» **Your goal**: Retype each line below precisely and omit all images.

» **Recorded information**:

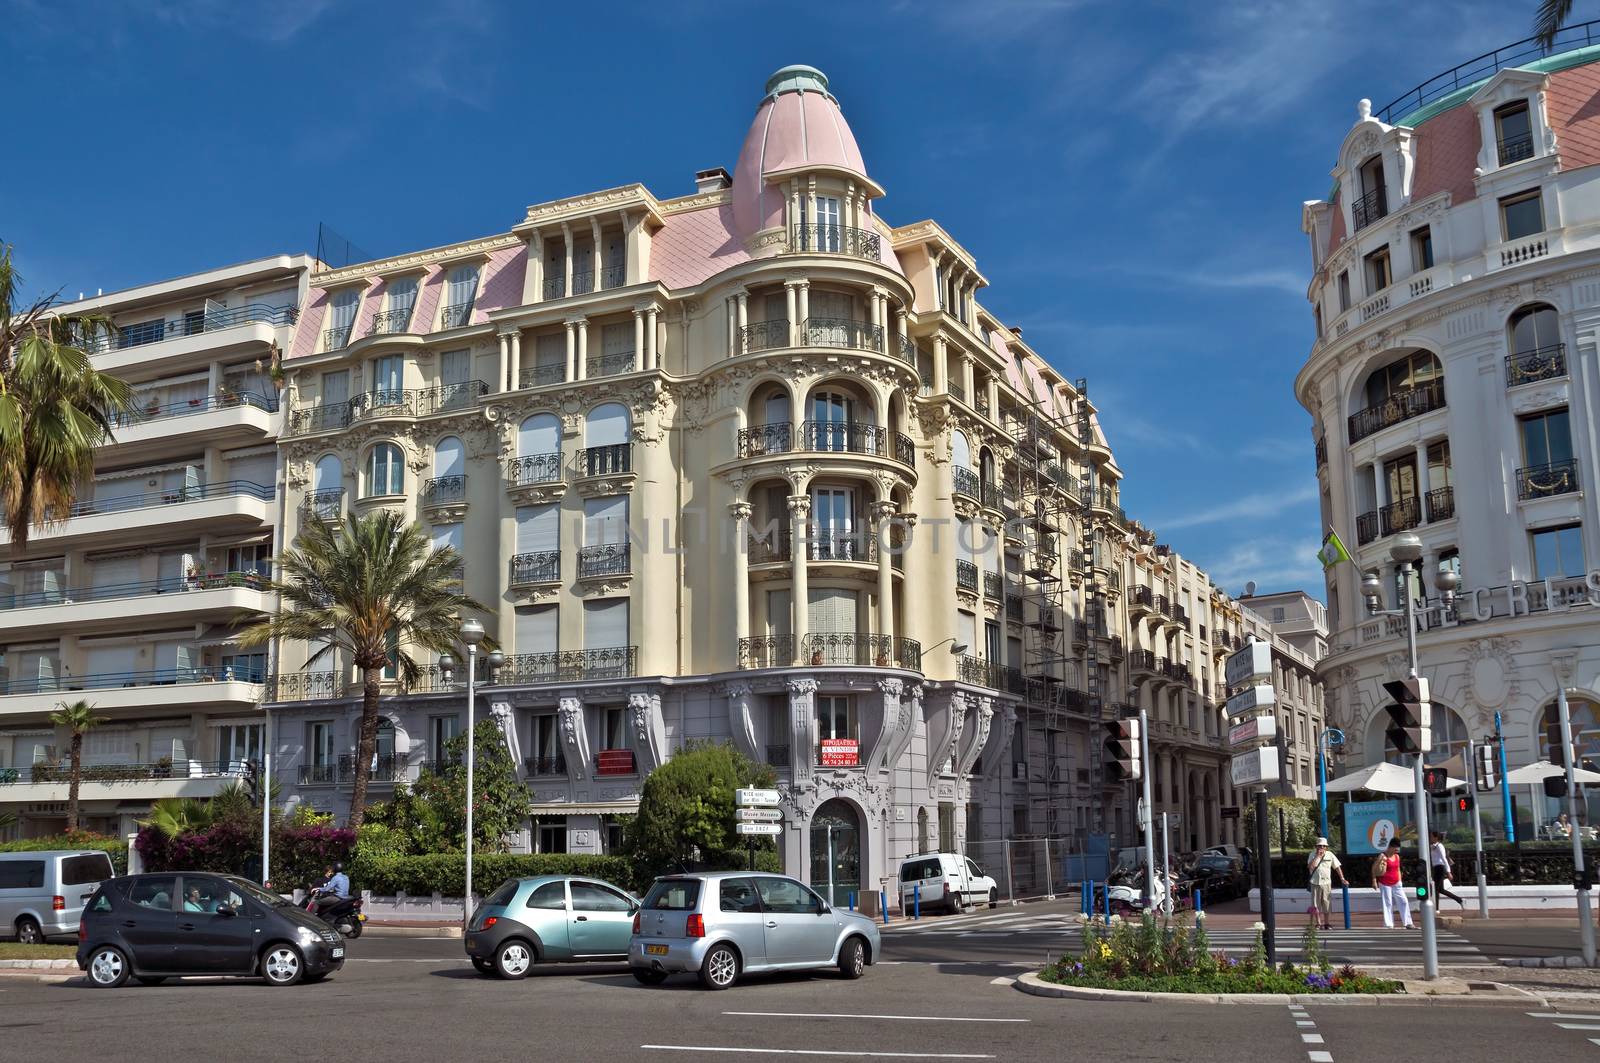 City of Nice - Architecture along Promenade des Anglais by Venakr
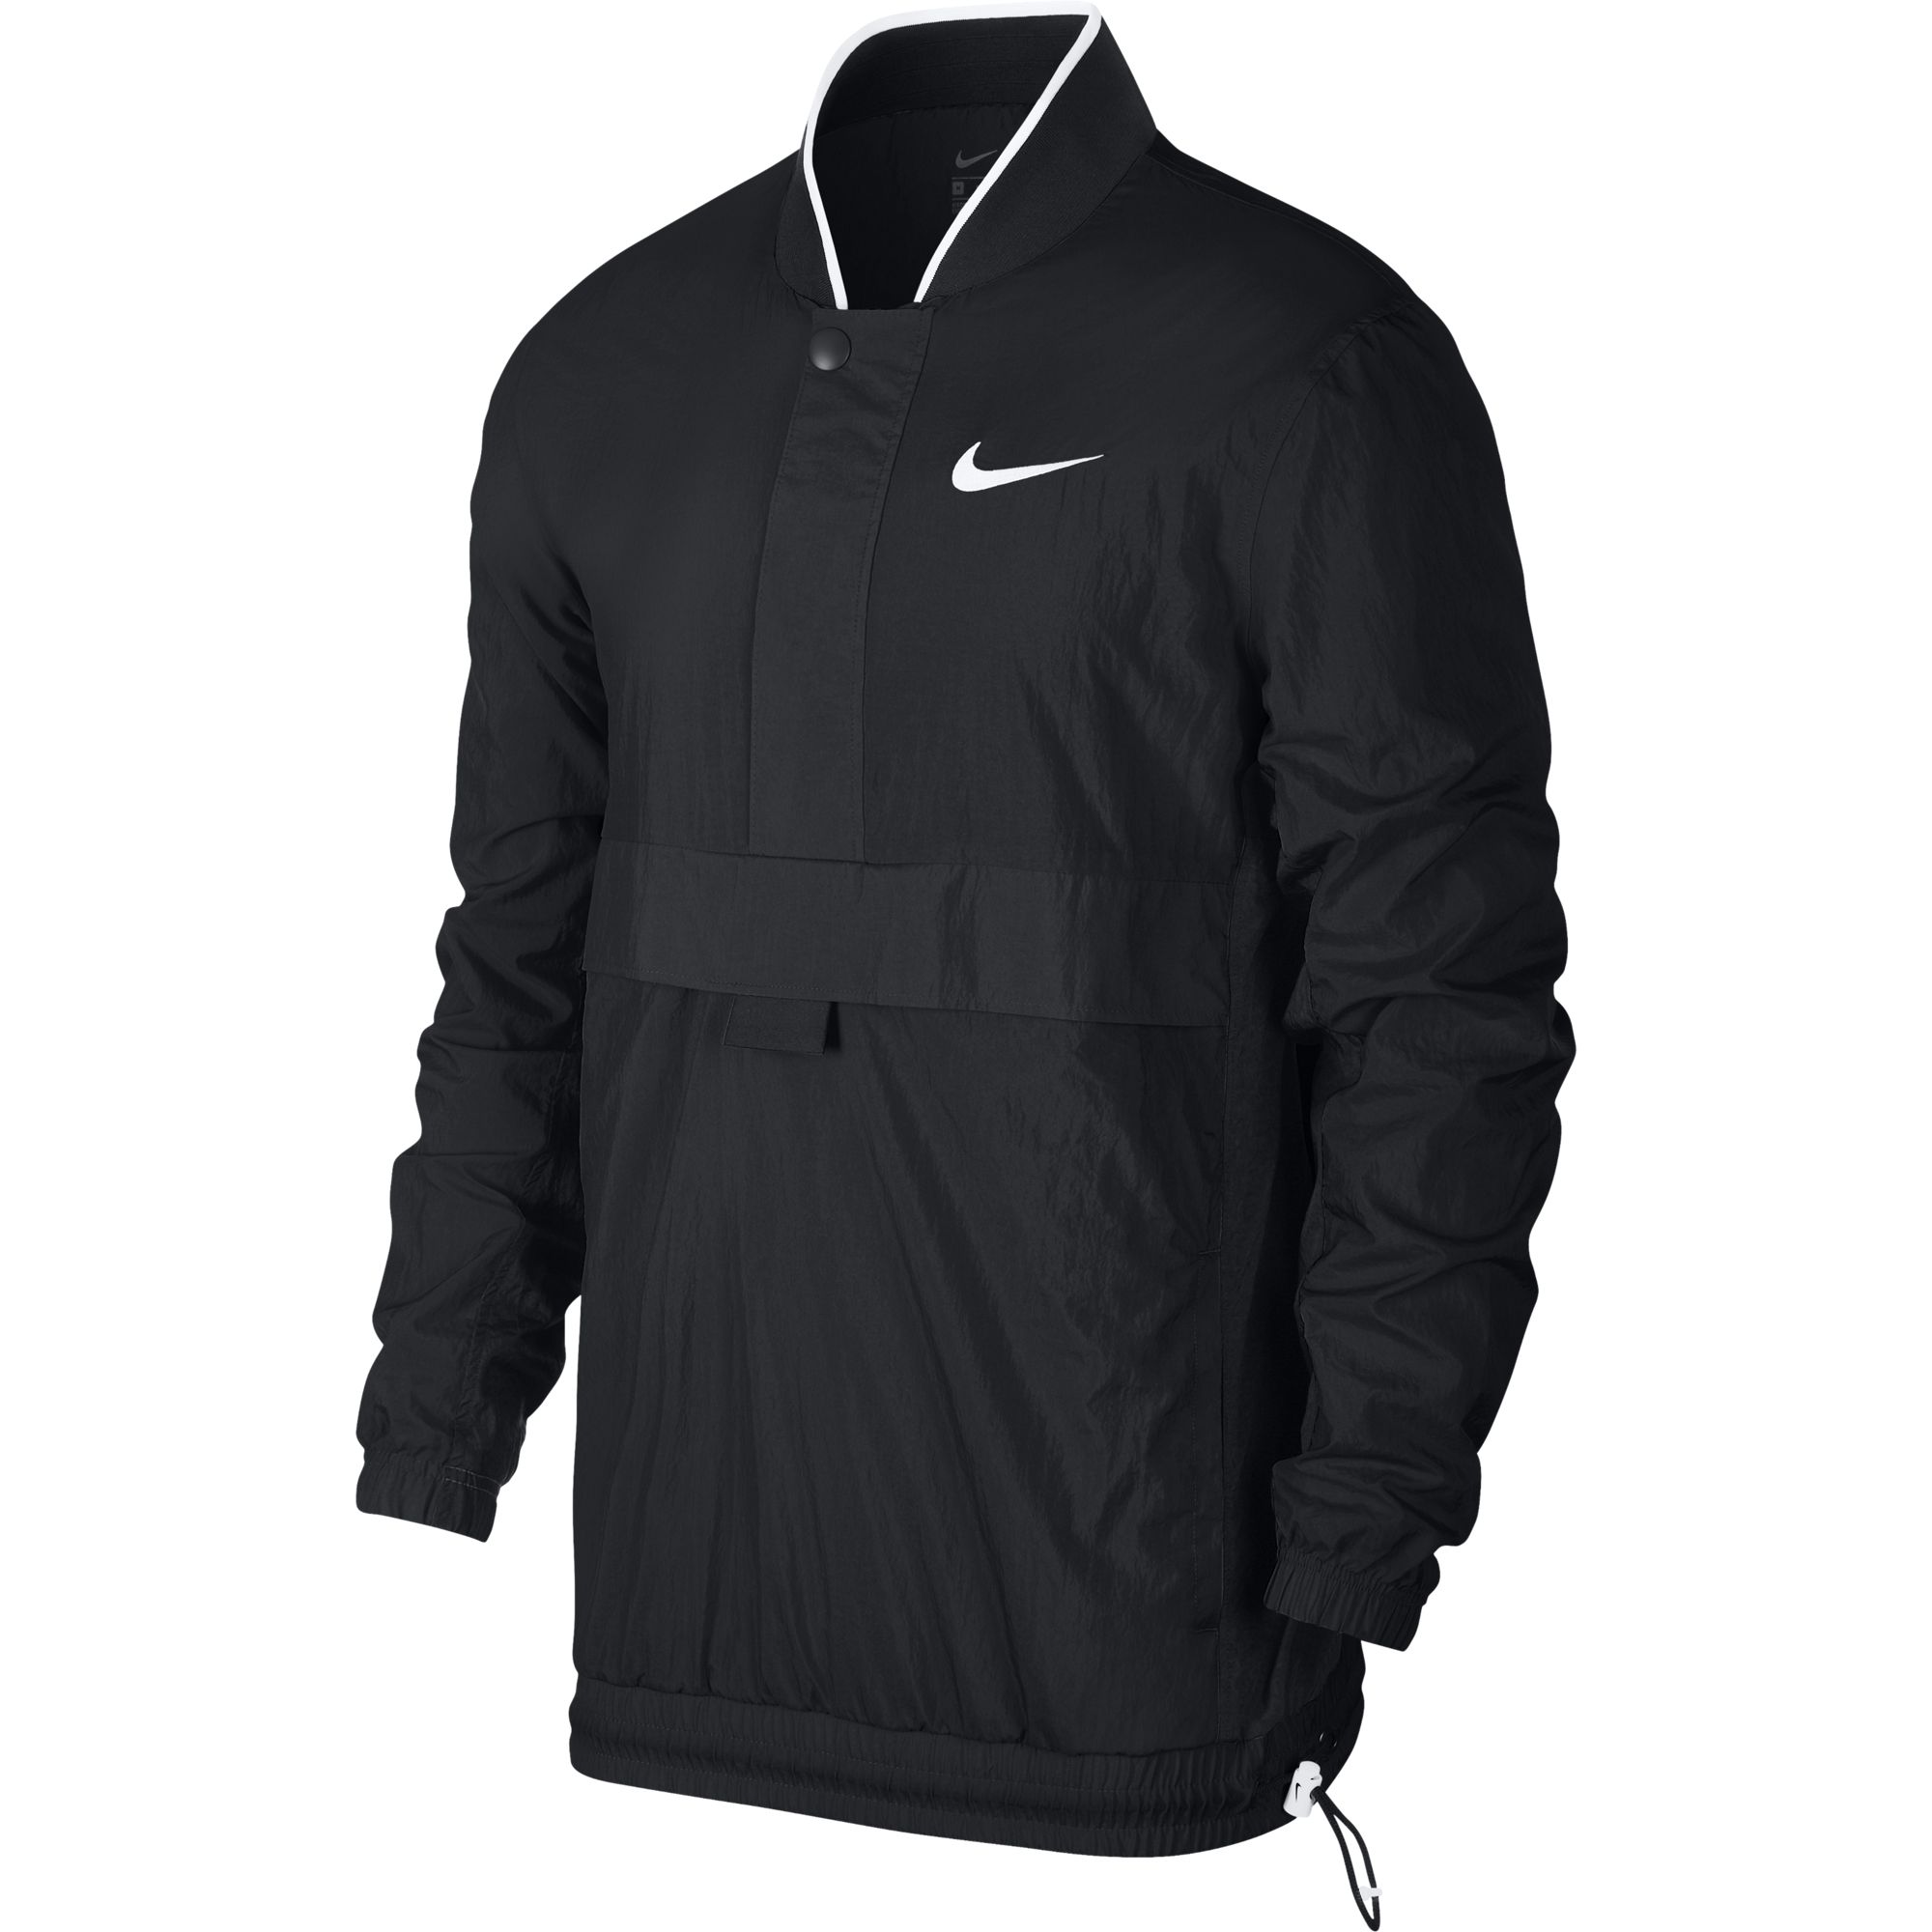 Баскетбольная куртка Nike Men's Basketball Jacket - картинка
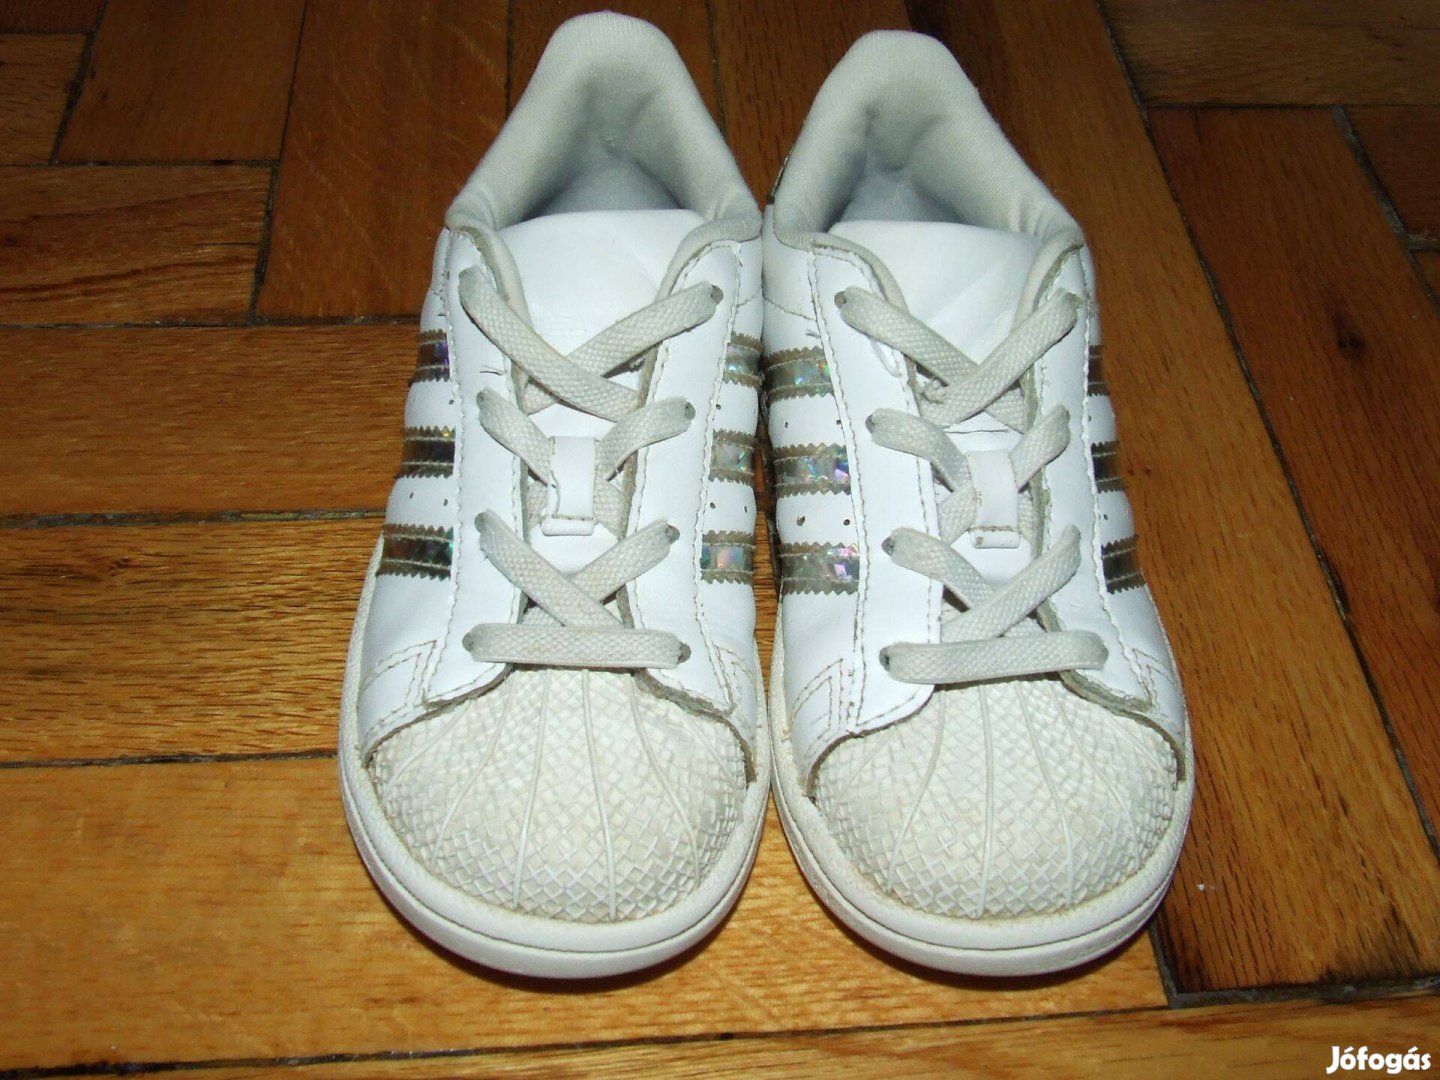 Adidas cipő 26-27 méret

» **Task output**:
 City of Nice - Architecture along Promenade des Anglais by Venakr
 Баскетбольная куртка Nike Men's Basketball Jacket - картинка
 Adidas cipő 26-27 méret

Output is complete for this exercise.